* **Exercise details**
There should be no pictures in your answer, only an exact copy of the lines from the one with "3D Vernice Cervo" through the end of the material.

* **Information shown**

════════════════

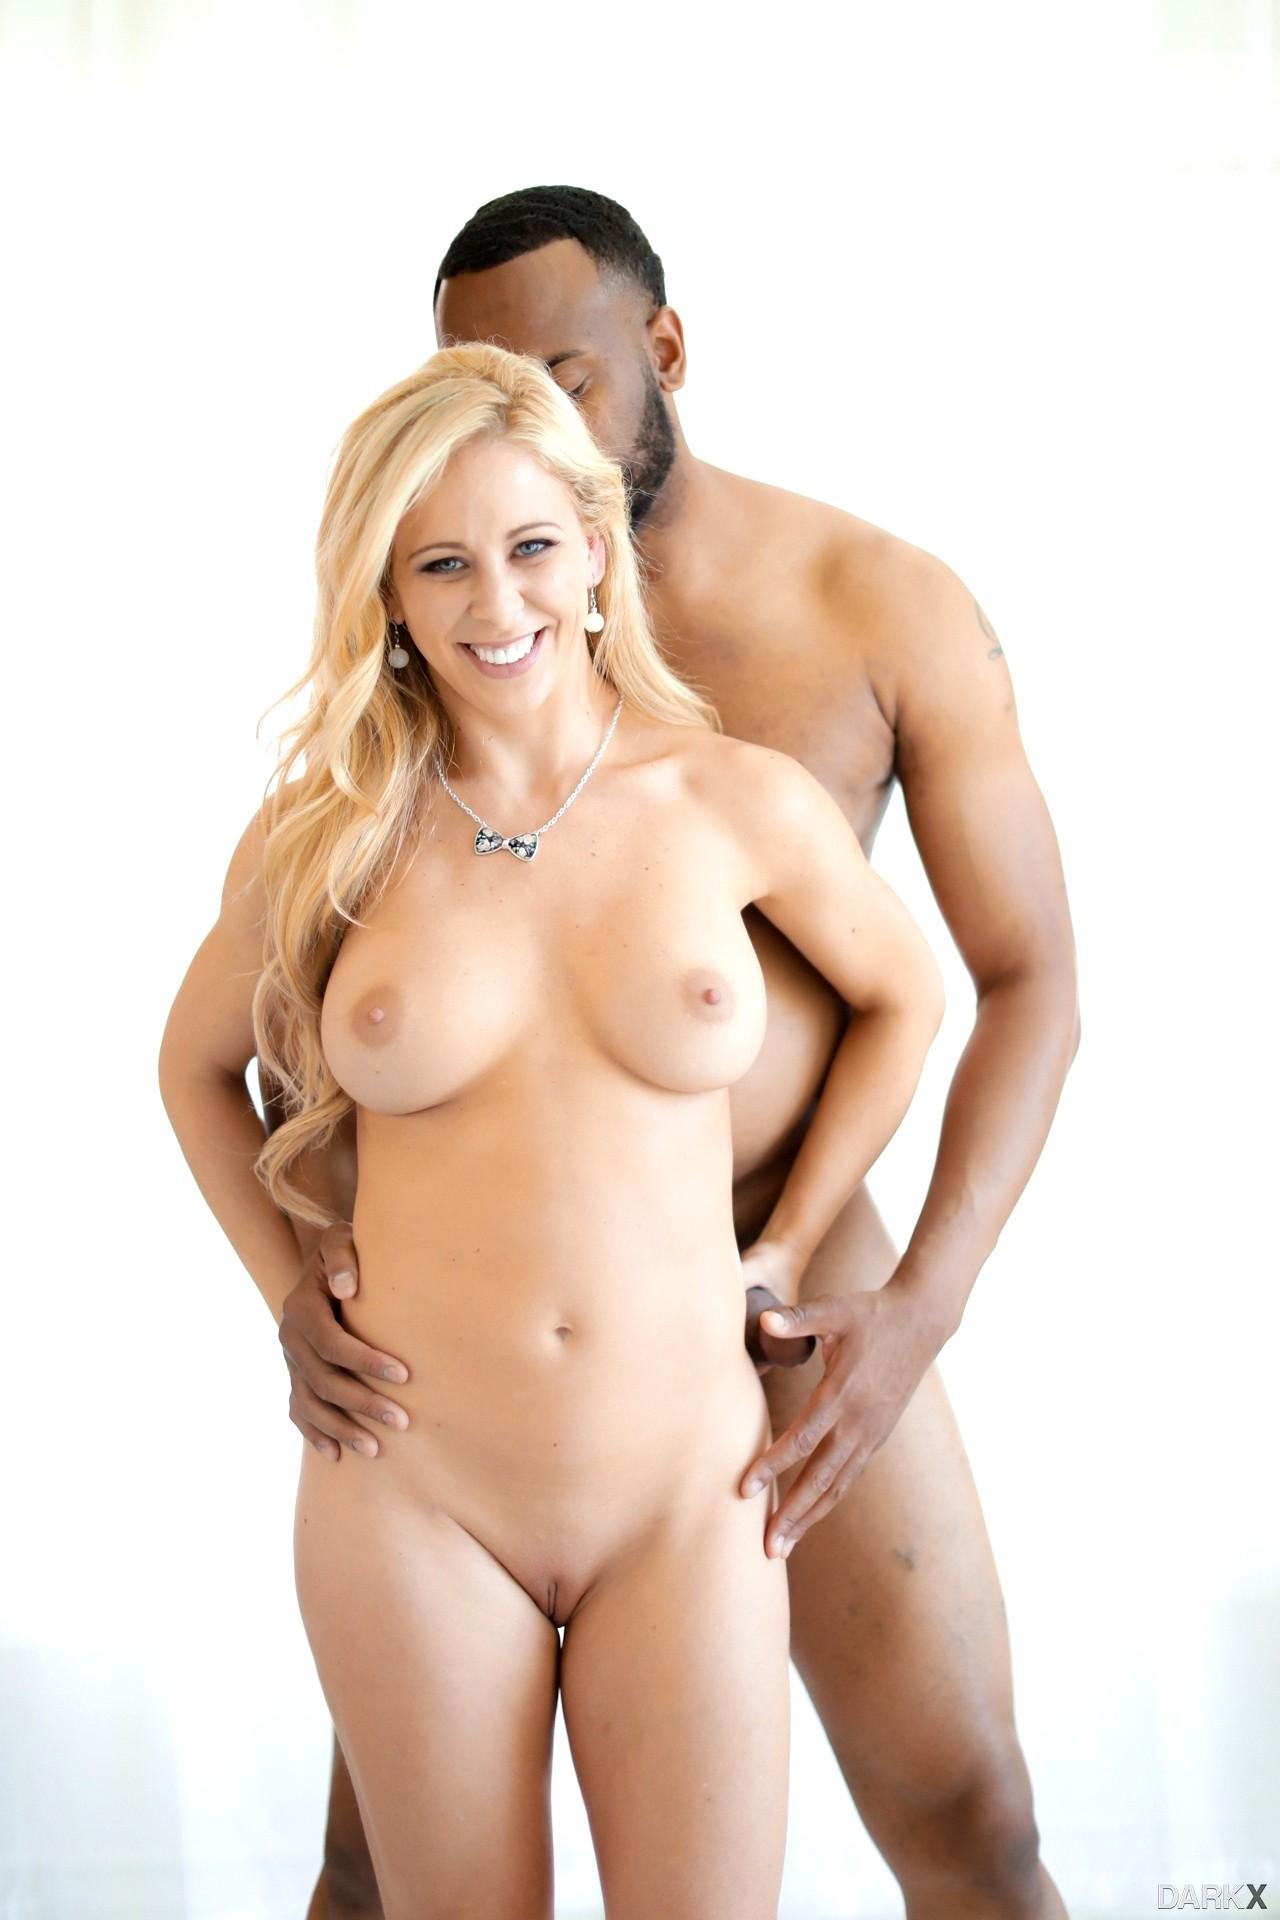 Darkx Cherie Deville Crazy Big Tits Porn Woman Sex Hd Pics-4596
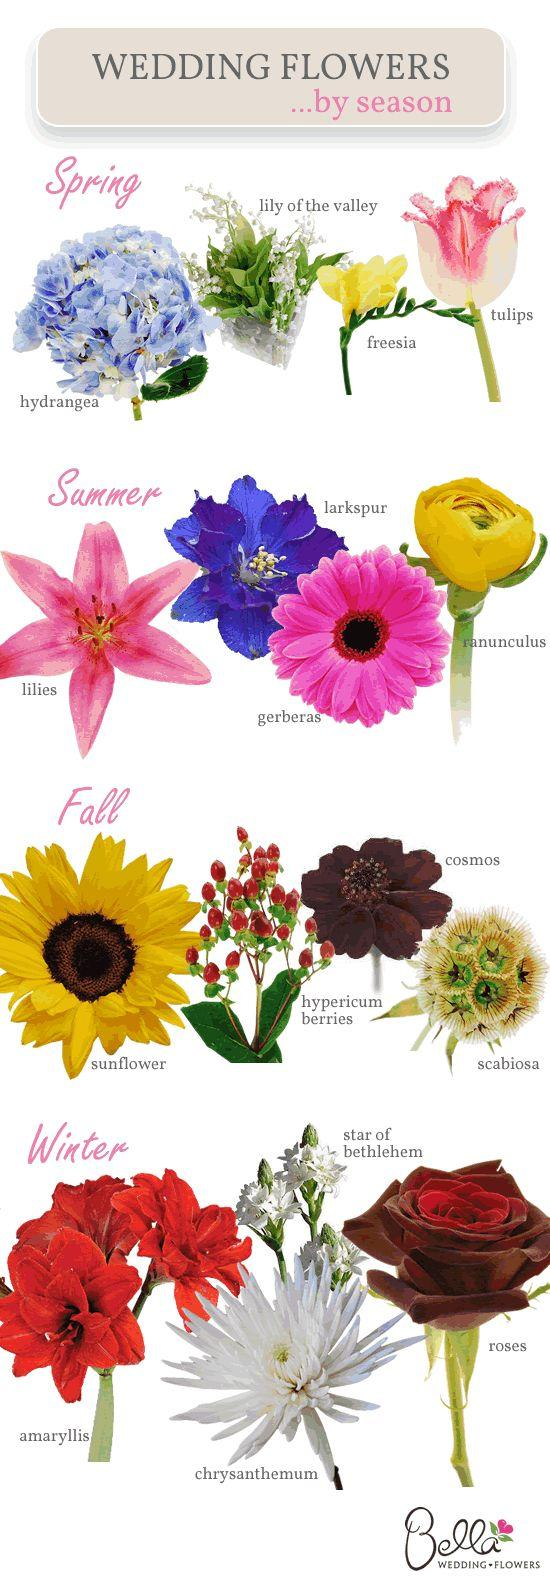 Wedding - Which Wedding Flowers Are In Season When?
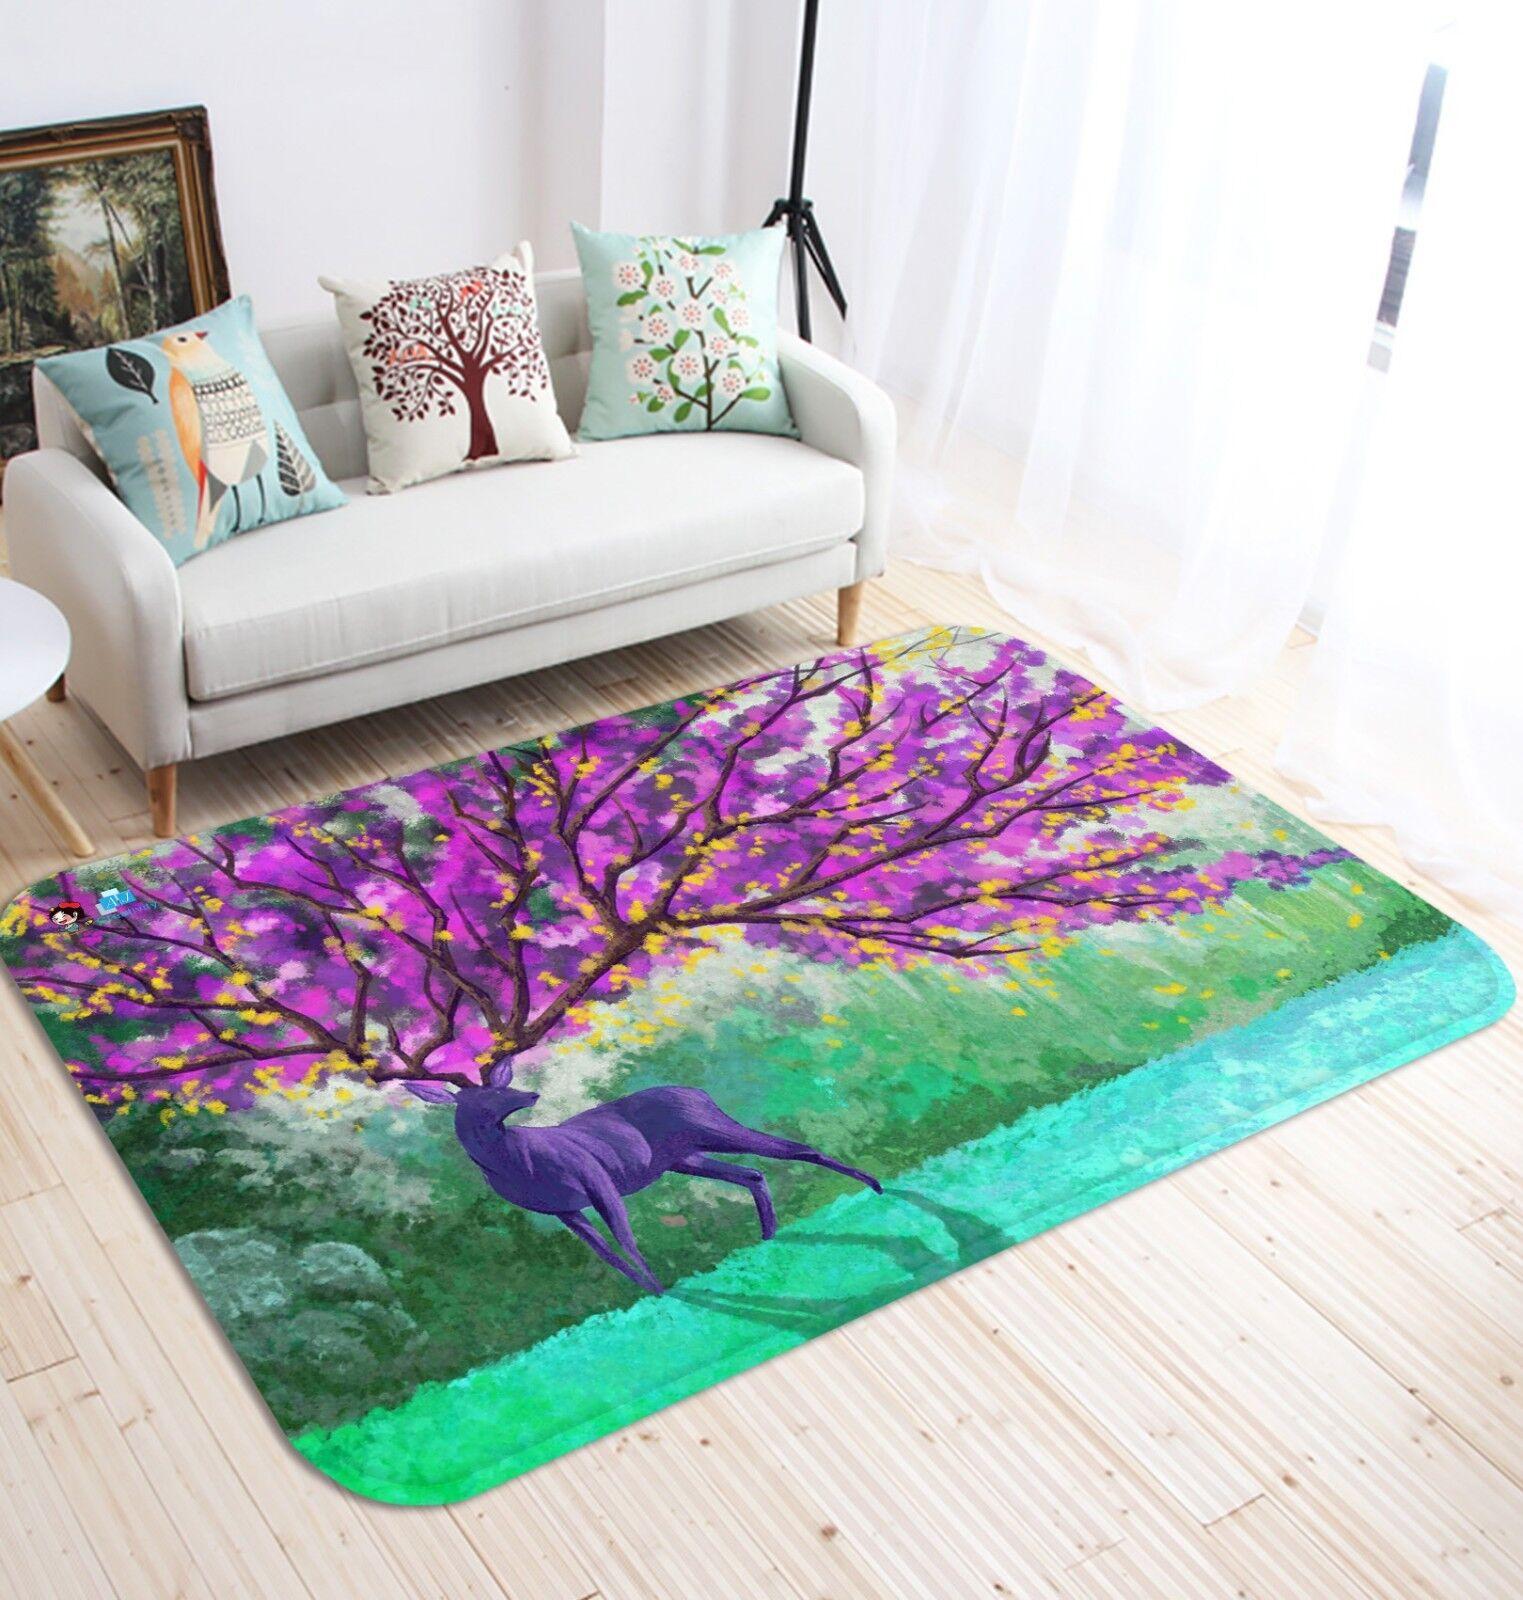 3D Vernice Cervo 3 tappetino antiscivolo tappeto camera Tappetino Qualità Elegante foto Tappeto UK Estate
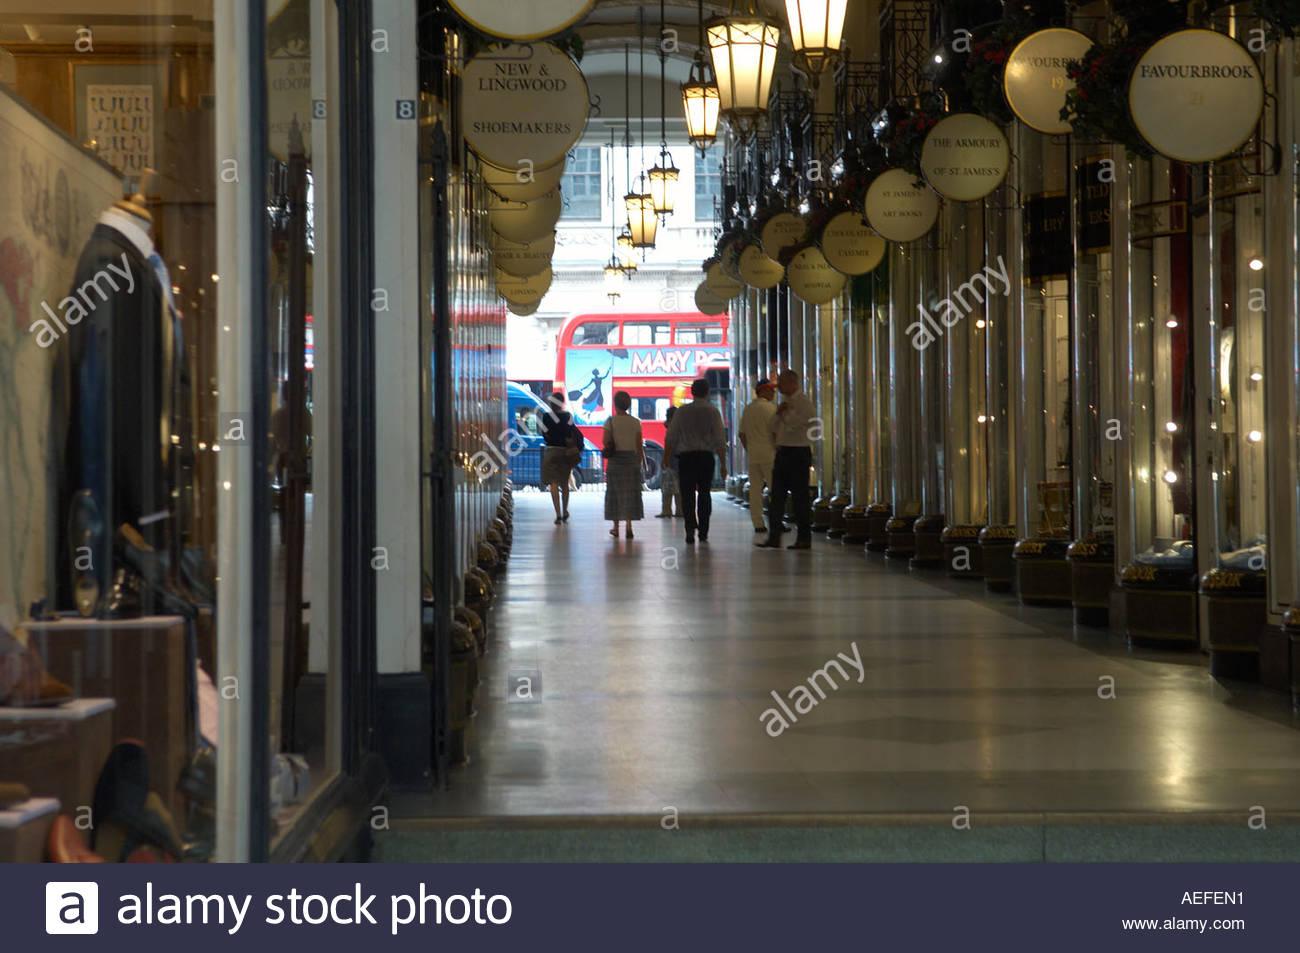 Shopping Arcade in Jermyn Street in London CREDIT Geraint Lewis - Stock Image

════════════════

* **Solved problem**
 3D Vernice Cervo 3 tappetino antiscivolo tappeto camera Tappetino Qualità Elegante foto Tappeto UK Estate
 Shopping Arcade in Jermyn Street in London CREDIT Geraint Lewis - Stock Image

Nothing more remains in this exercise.